The other 10 candidate papers cover a variety of different aspects of cancer informatics
and we outline those papers below. These papers highlight clinical model infrastructure
in cancer research, validation of machine learning models for cancer, artificial intelligence
(AI) models for diagnosis, and a special paper on federated learning. With new tools
particularly in AI being developed, the cancer informatics field continues to be very
exciting.
Building model infrastructure
Integrative Imaging Informatics for Cancer Research: Workflow Automation for Neuro-Oncology
(3CR-WANO). Journal of Clinical Oncology Clinical Cancer Informatics, 2023 [[4]].
Precision Oncology Core Data Model to Support Clinical Genomics Decision Making. Journal
of Clinical Oncology Clinical Cancer Informatics, 2023 [[5]].
The Childhood Cancer Data Initiative: Using the Power of Data to Learn from and Improve
Outcomes for Every Child and Young Adult with Pediatric Cancer, Journal of Clinical
Oncology, 2023 [[6]].
Prospective validation of machine learning models
Prospective implementation of AI-assisted screen reading to improve early detection
of breast cancer. Nature Medicine, 2023 [[7]].
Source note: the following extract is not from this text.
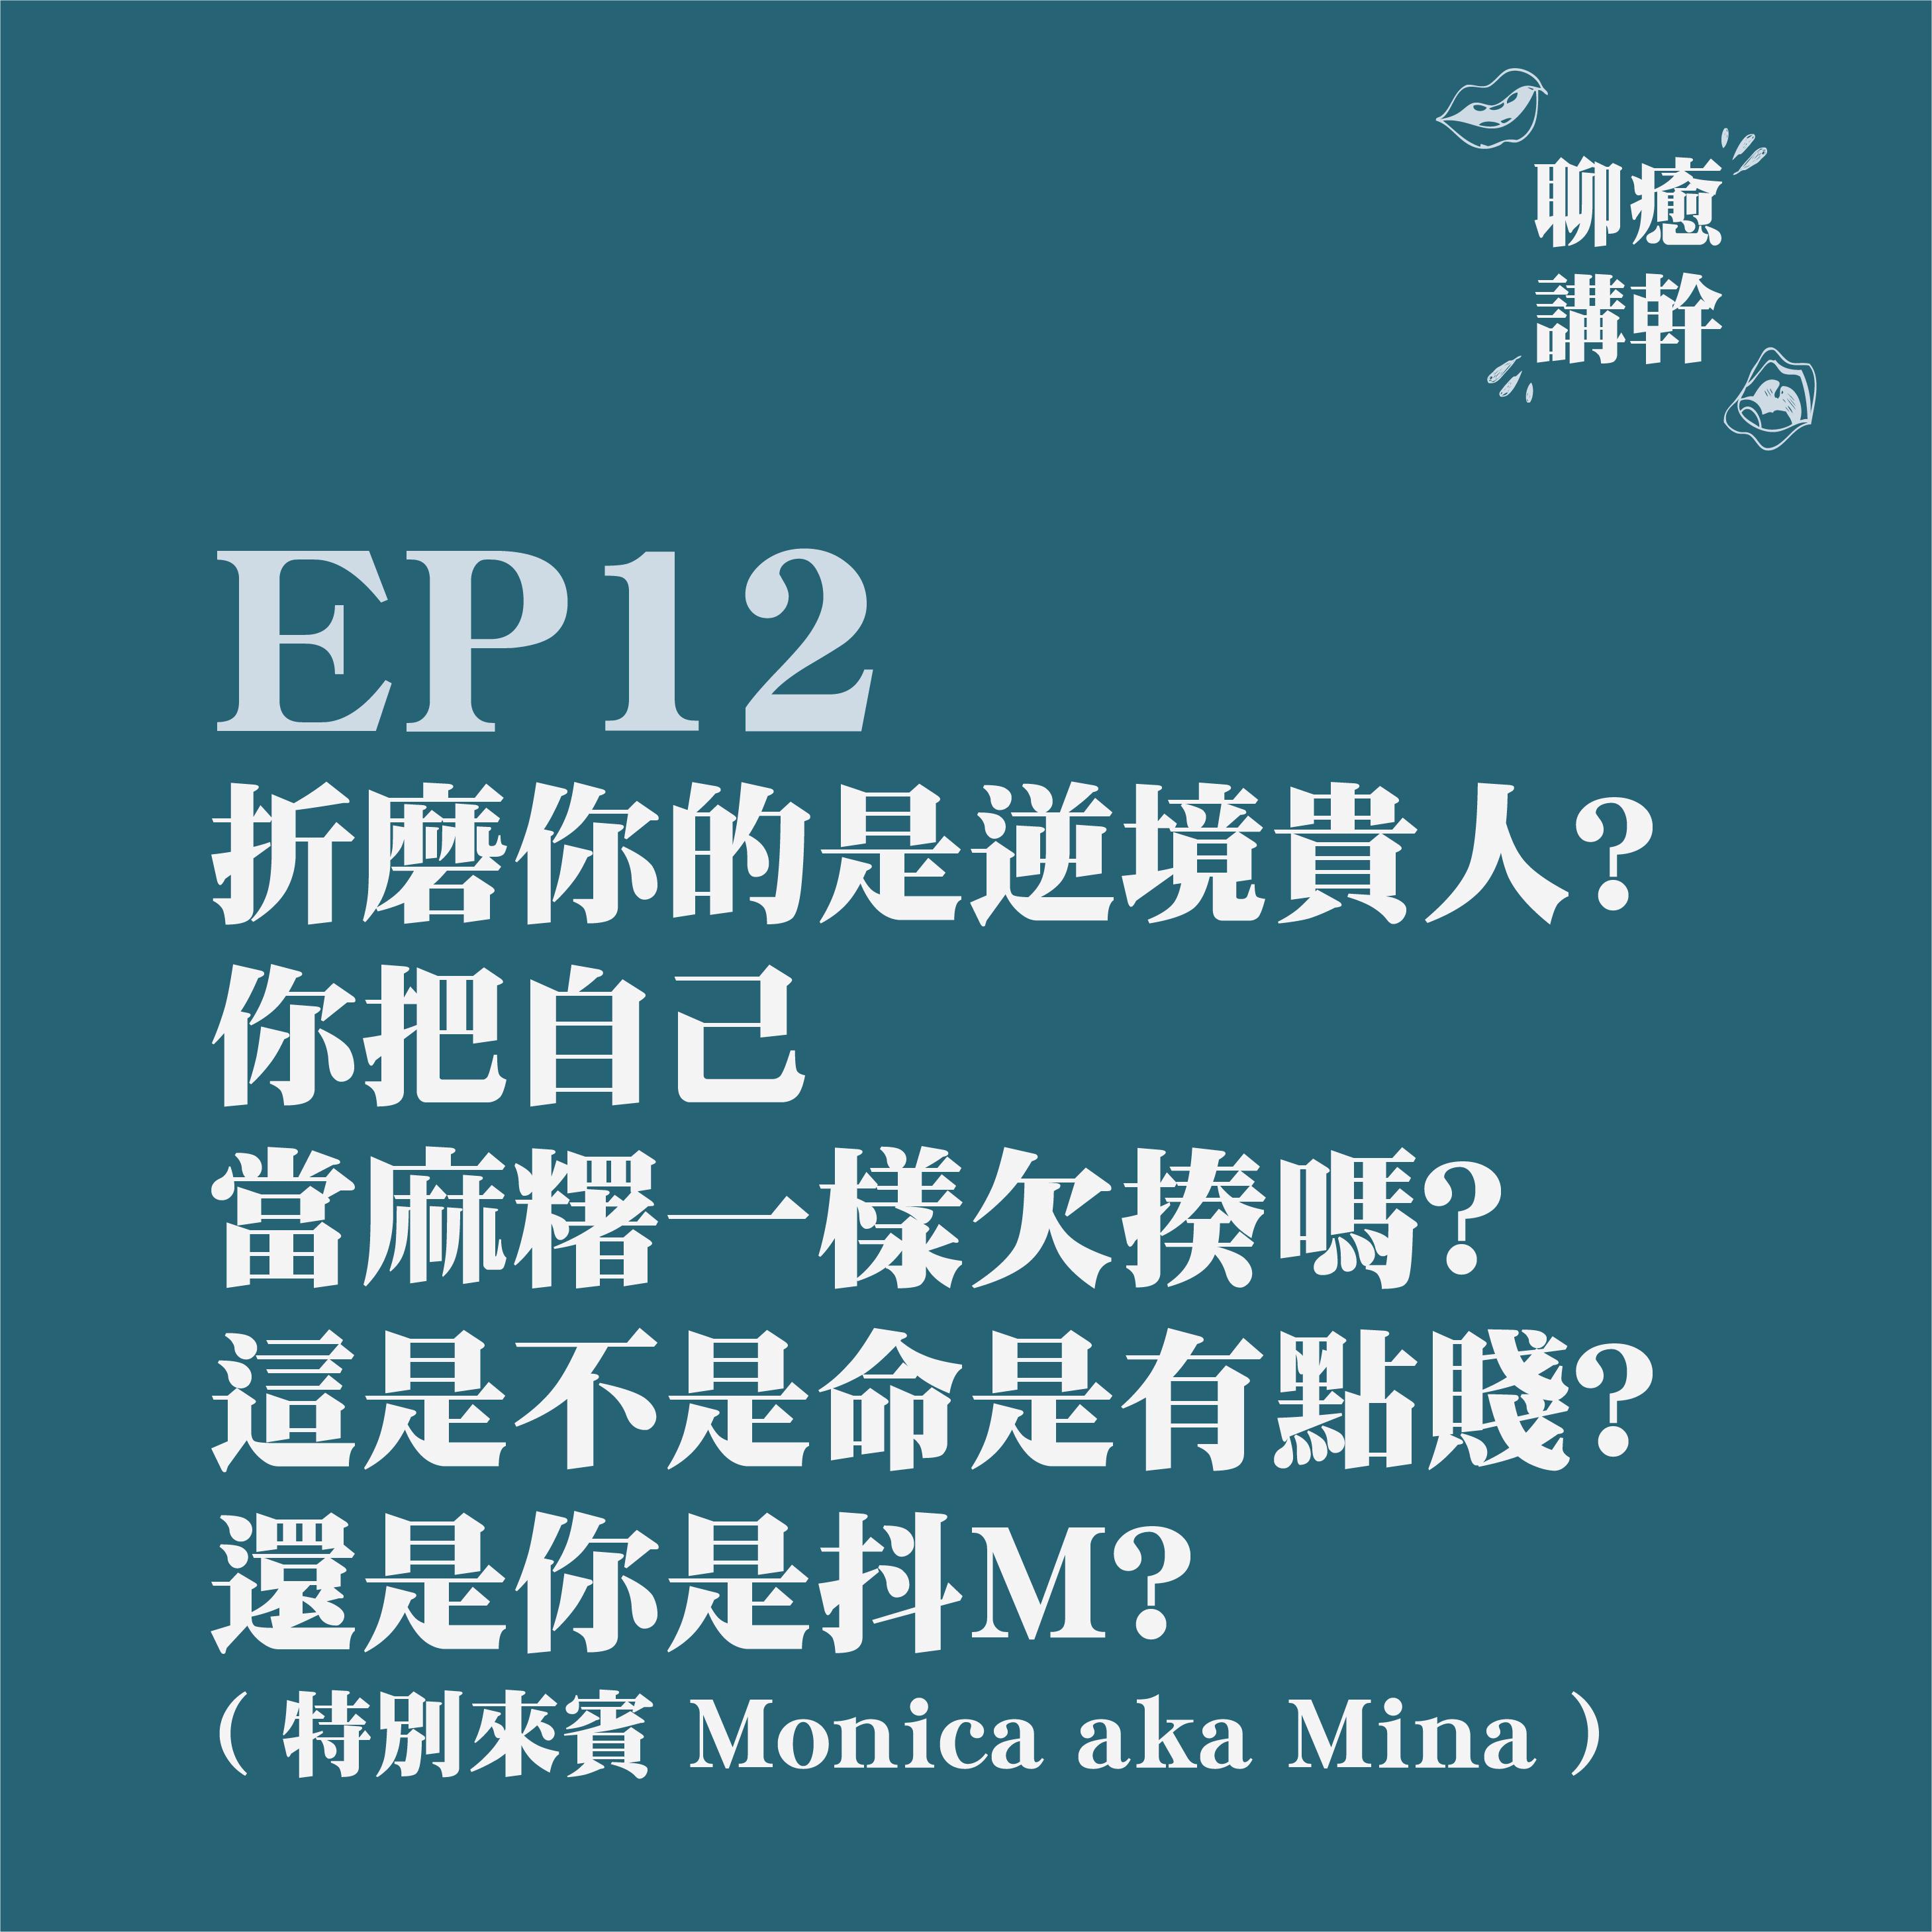 EP12 - 折磨你的是逆境貴人? 你把自己當麻糬一樣欠揍嗎? 這是不是命是有點賤? 還是你是抖M ? feat. Monica aka Mina

Screening for extranodal extension in HPV-associated oropharyngeal carcinoma: Evaluation
of a CT-based deep learning algorithm in patient data from a multicenter, randomized
de-escalation trial. Lancet Digital Health, 2023 [[8]].
AI models focused on diagnosis of malignancy
Artificial-intelligence-based molecular classification of diffuse gliomas using rapid,
label-free optimal imaging. Nature Medicine, 2023 [[9]].
A reinforcement learning model for AI-based decision support in skin cancer. Nature
Medicine, 2023 [[10]].
Federated Learning
Federated Learning for Predicting Histological Response to Neoadjuvant Chemotherapy
in Triple-Negative Breast Cancer. Nature Medicine, 2023 [[11]].
4. Conclusion
The best papers for cancer informatics present promising frameworks and applications
for novel informatics infrastructure and artificial intelligence applications in cancer
care. We were pleased to see an emphasis on prospective applications of artificial
intelligence beginning to be represented.